### PROBLEM REQUIREMENTS
Give back each line of the data exactly as it reads, minus the pictures.

### DATA EXCERPT

- - - - - - -

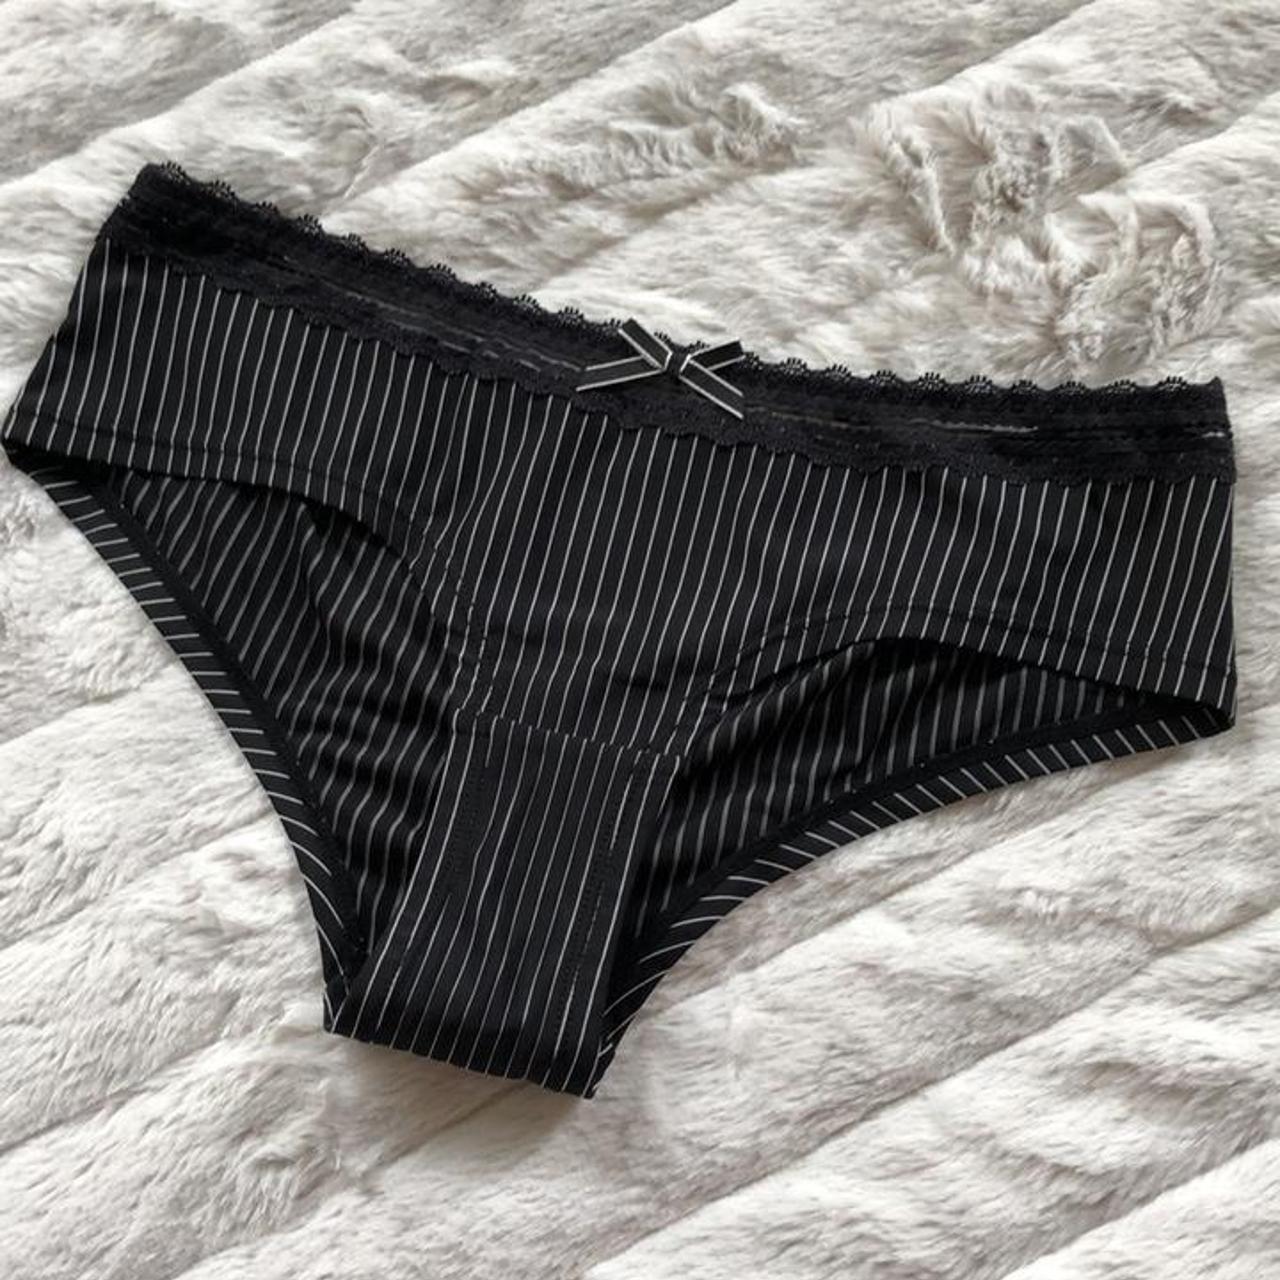 Product Image 1 - Pimkie #Y2K tuxedo panties

Super cute
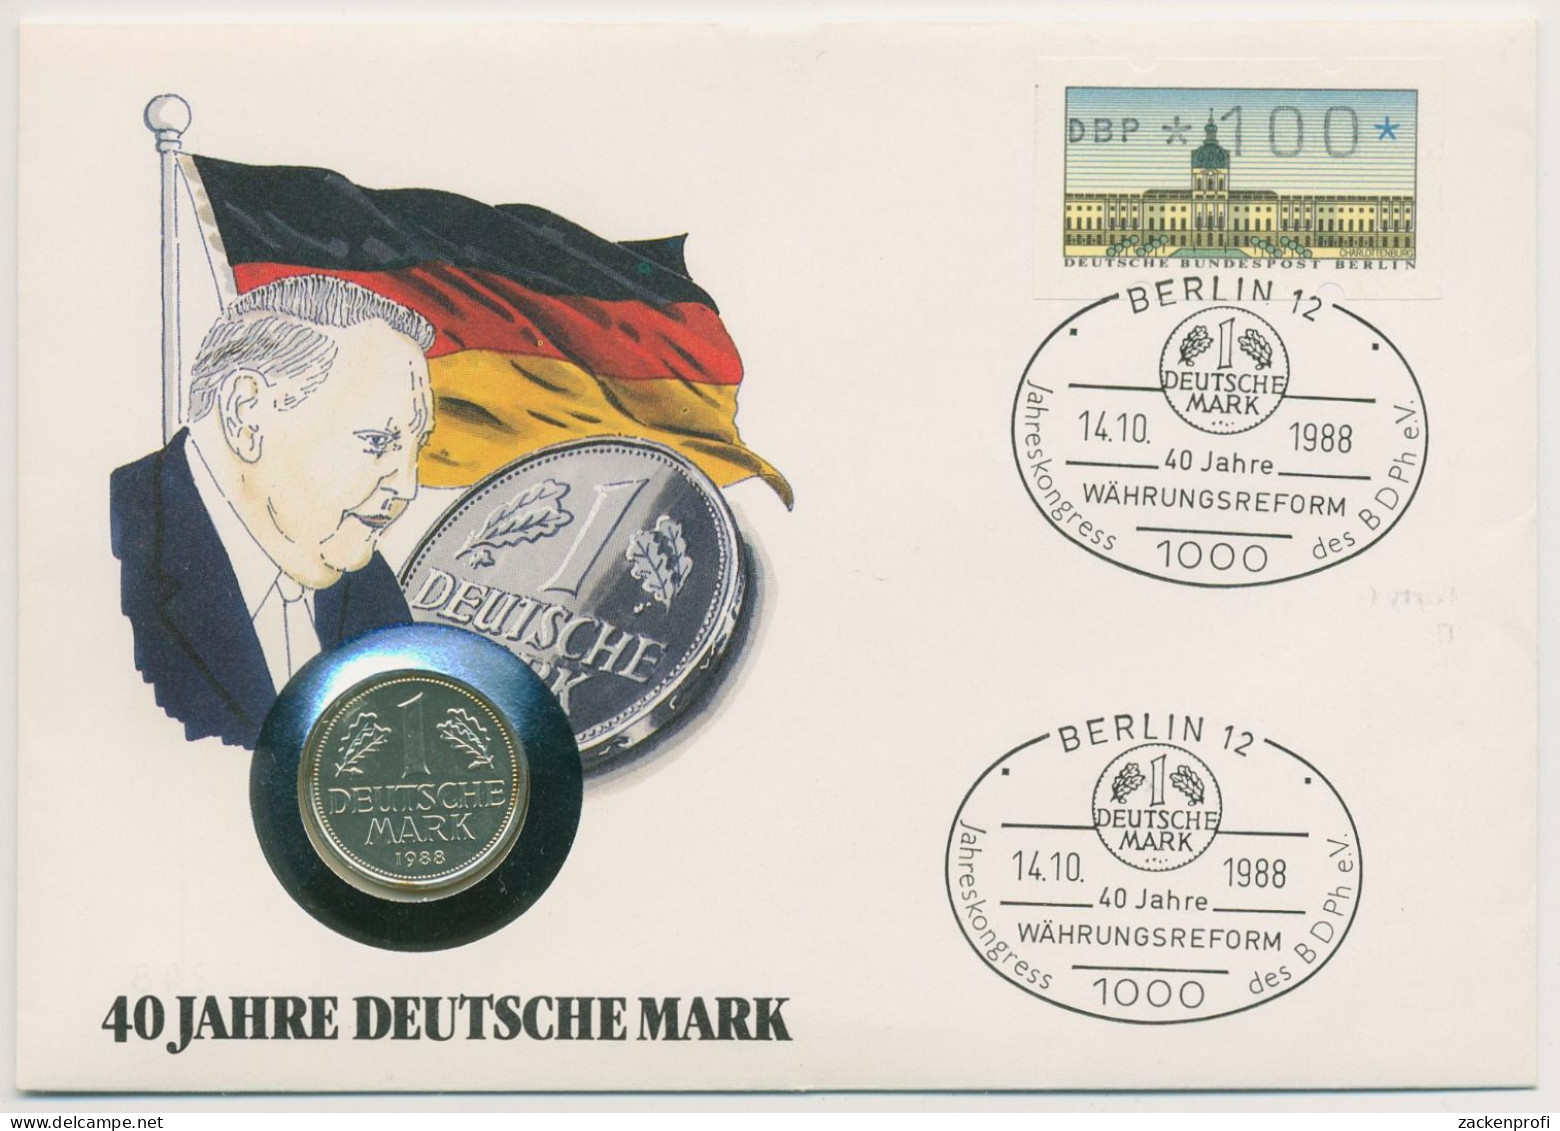 Berlin 1988 Deutsche Mark Numisbrief 1 DM Versilbert (N716) - Briefe U. Dokumente
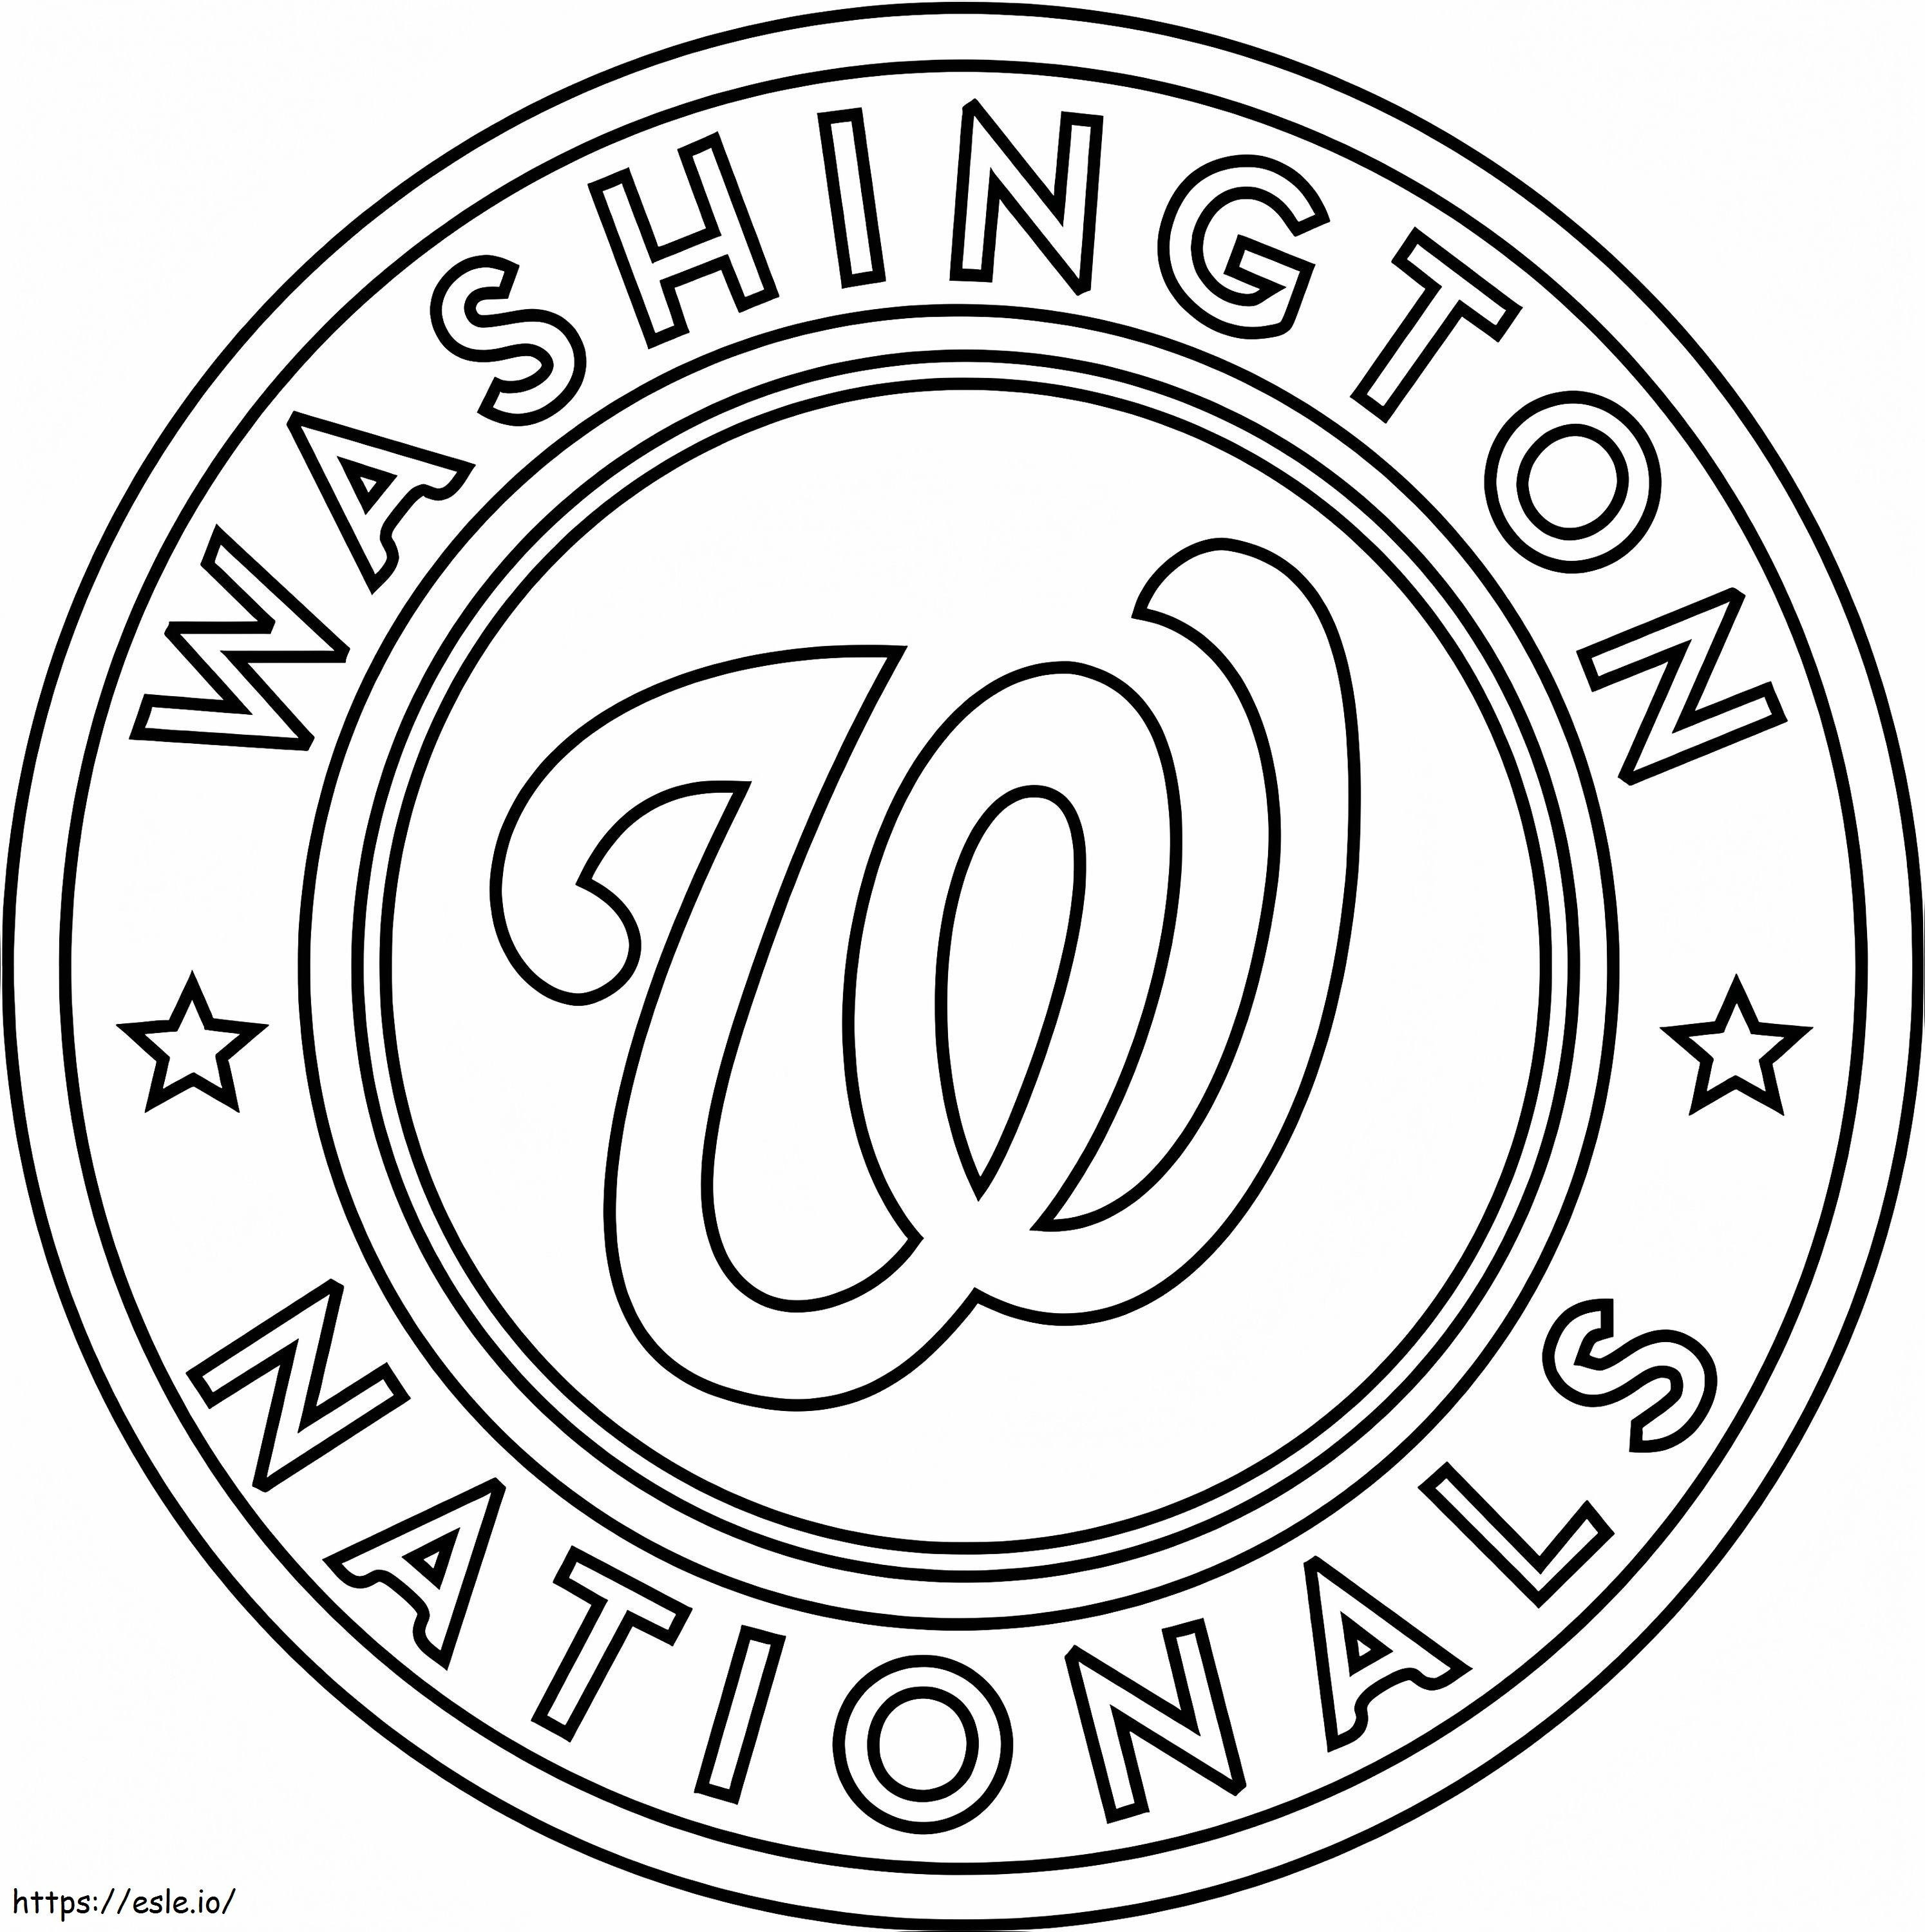 Logo narodowe Waszyngtonu kolorowanka

- - - - - - -

### ANSWER TO THIS EXERCISE
 Product Image 1 - Pimkie #Y2K tuxedo panties

Super cute
 Berlin 1988 Deutsche Mark Numisbrief 1 DM Versilbert (N716) - Briefe U. Dokumente
 Logo narodowe Waszyngtonu kolorowanka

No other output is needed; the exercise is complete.